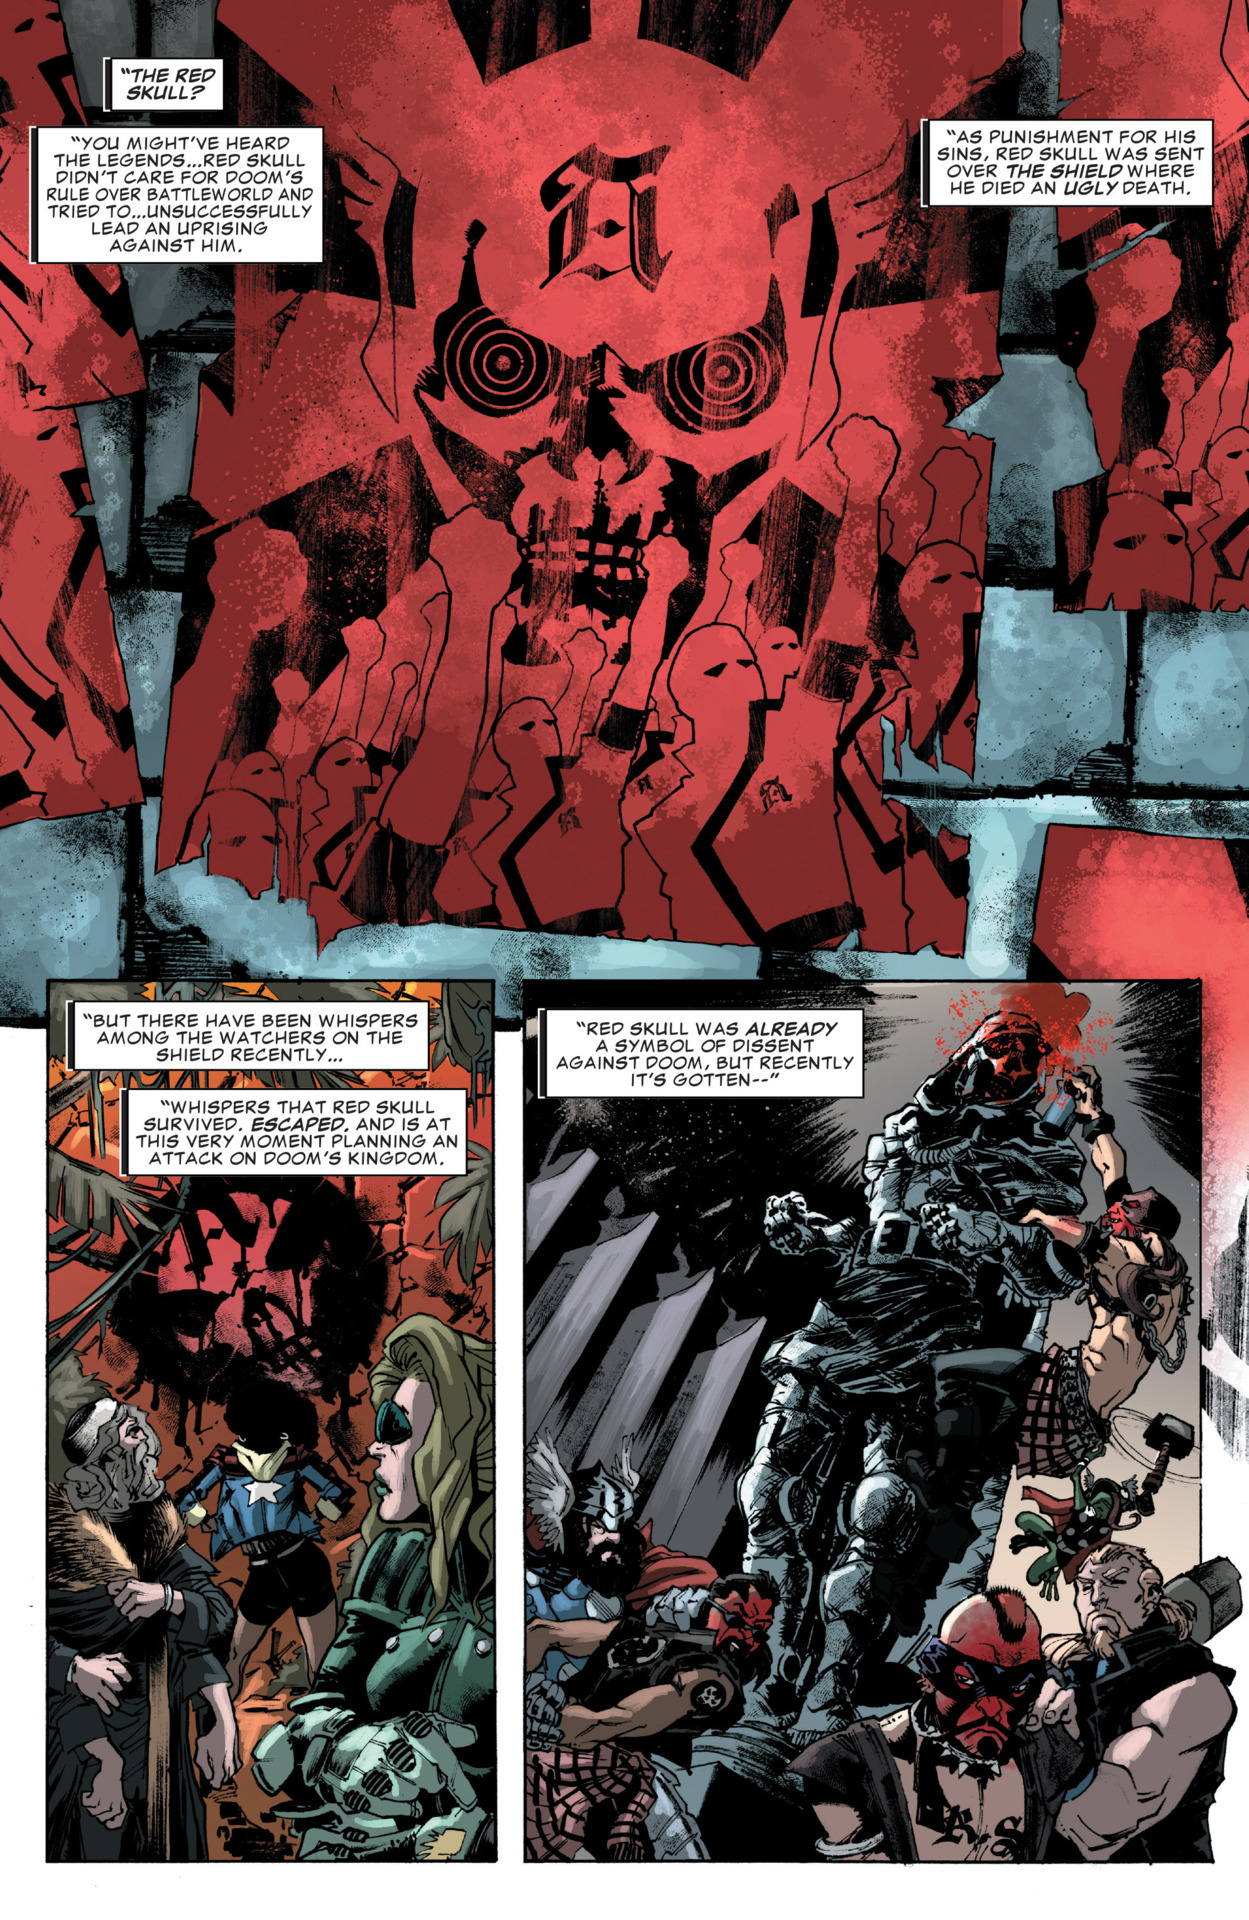 Red Skull means something very different to the denizens of Battleworld.
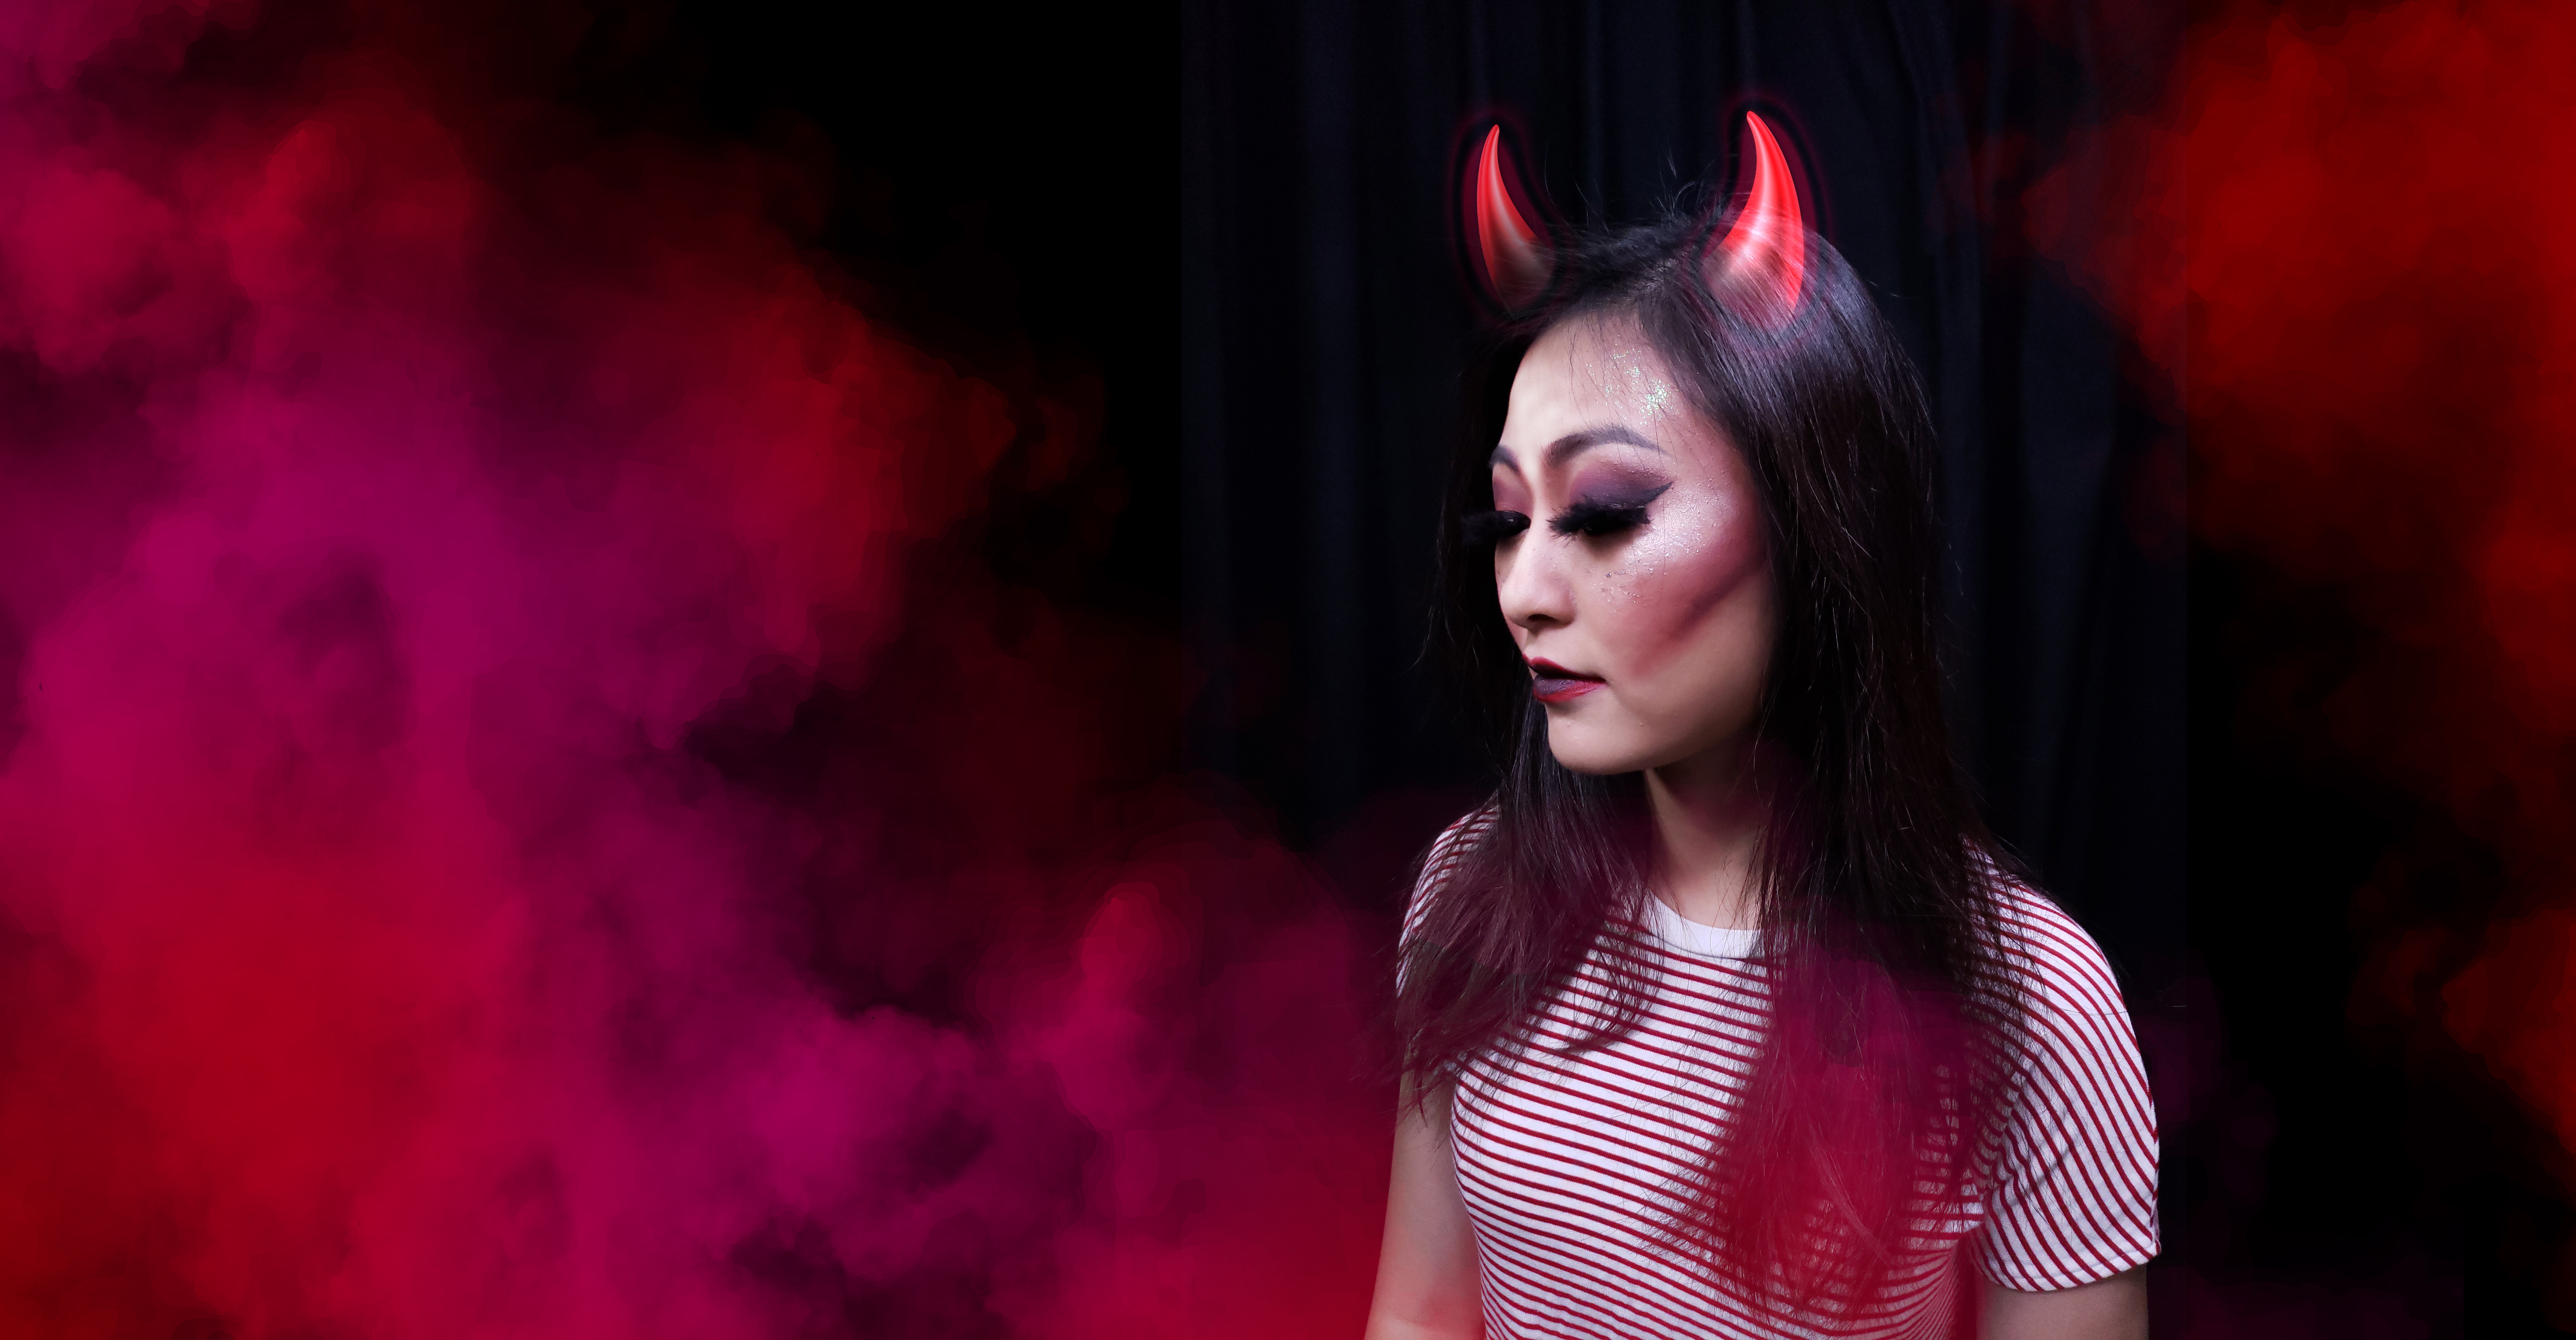 Just a few strokes of cleverly applied make-up can turn you into a devil this Halloween. Photos: Aydee Tee
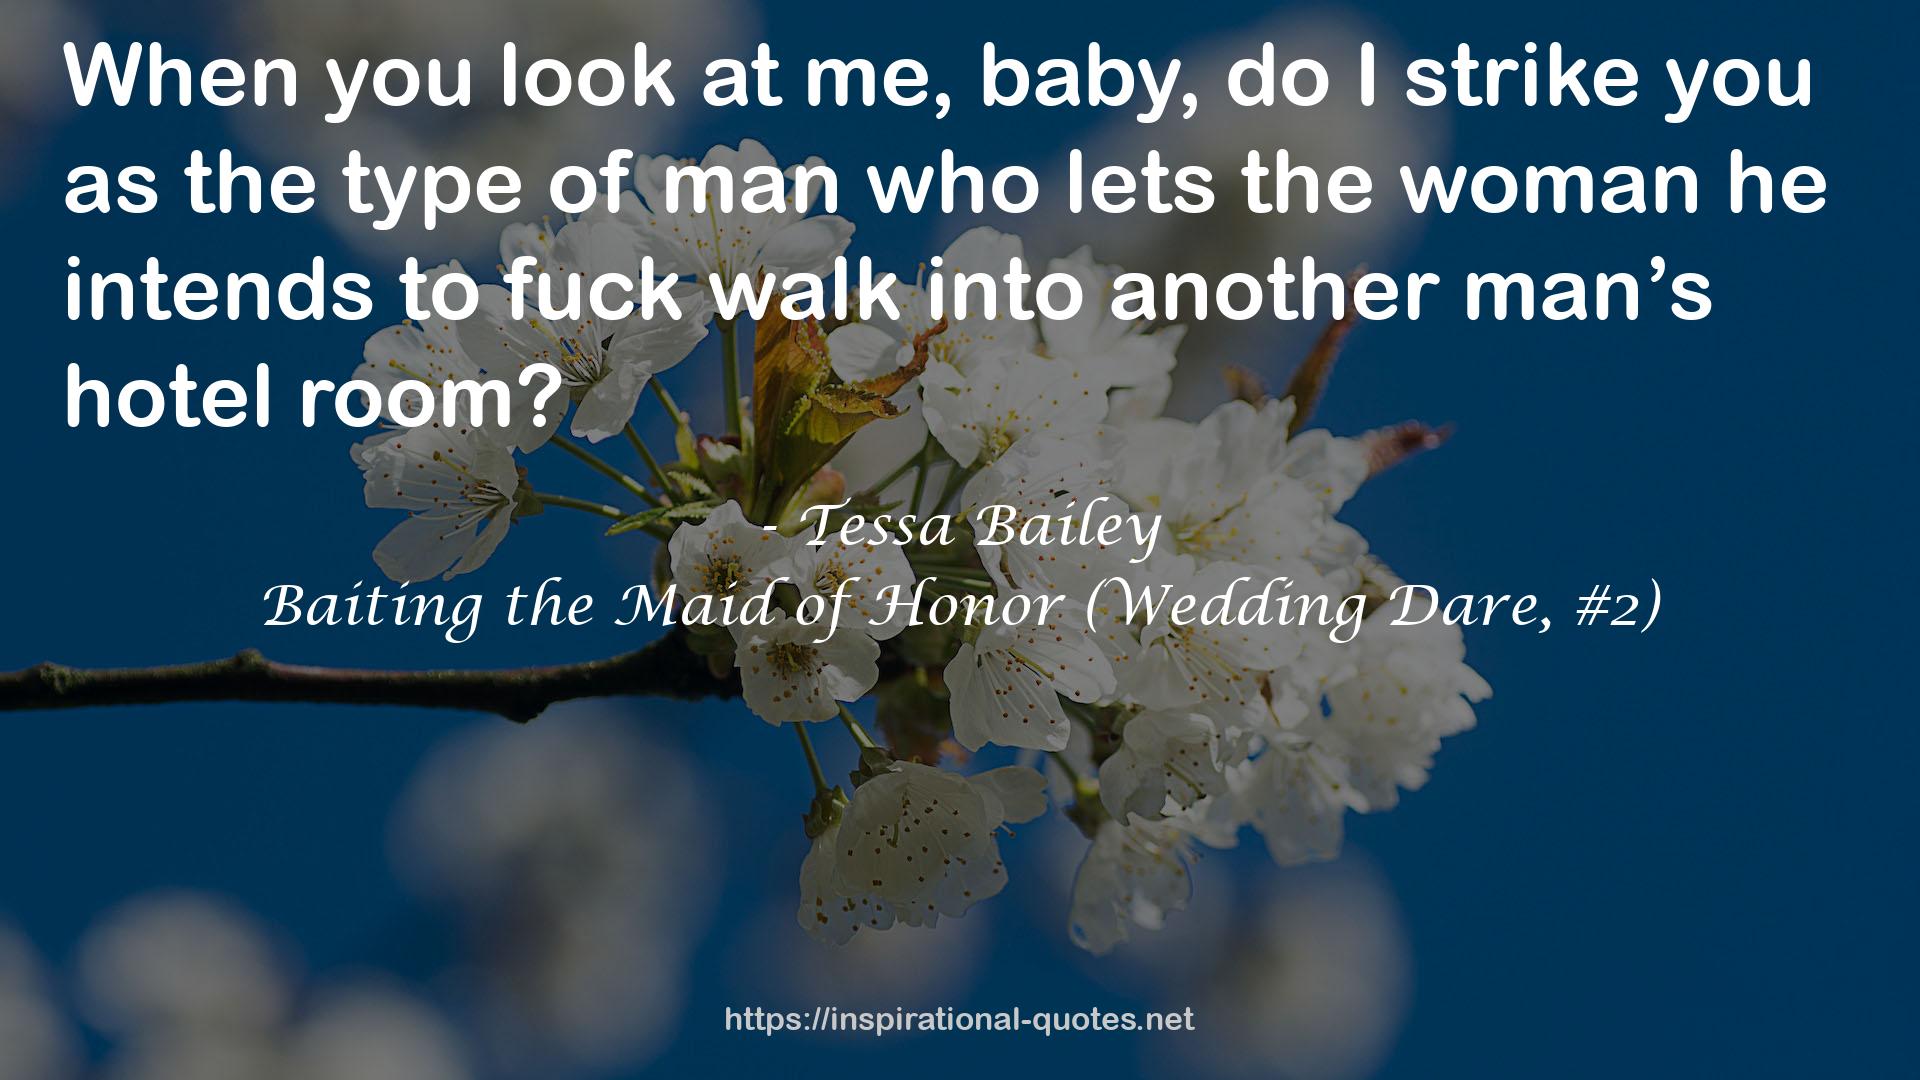 Baiting the Maid of Honor (Wedding Dare, #2) QUOTES

** Your instructions **
Leave out the pictures and print every line of the data exactly.

** Written answer **
 Red Skull means something very different to the denizens of Battleworld.
 Just a few strokes of cleverly applied make-up can turn you into a devil this Halloween. Photos: Aydee Tee
 Baiting the Maid of Honor (Wedding Dare, #2) QUOTES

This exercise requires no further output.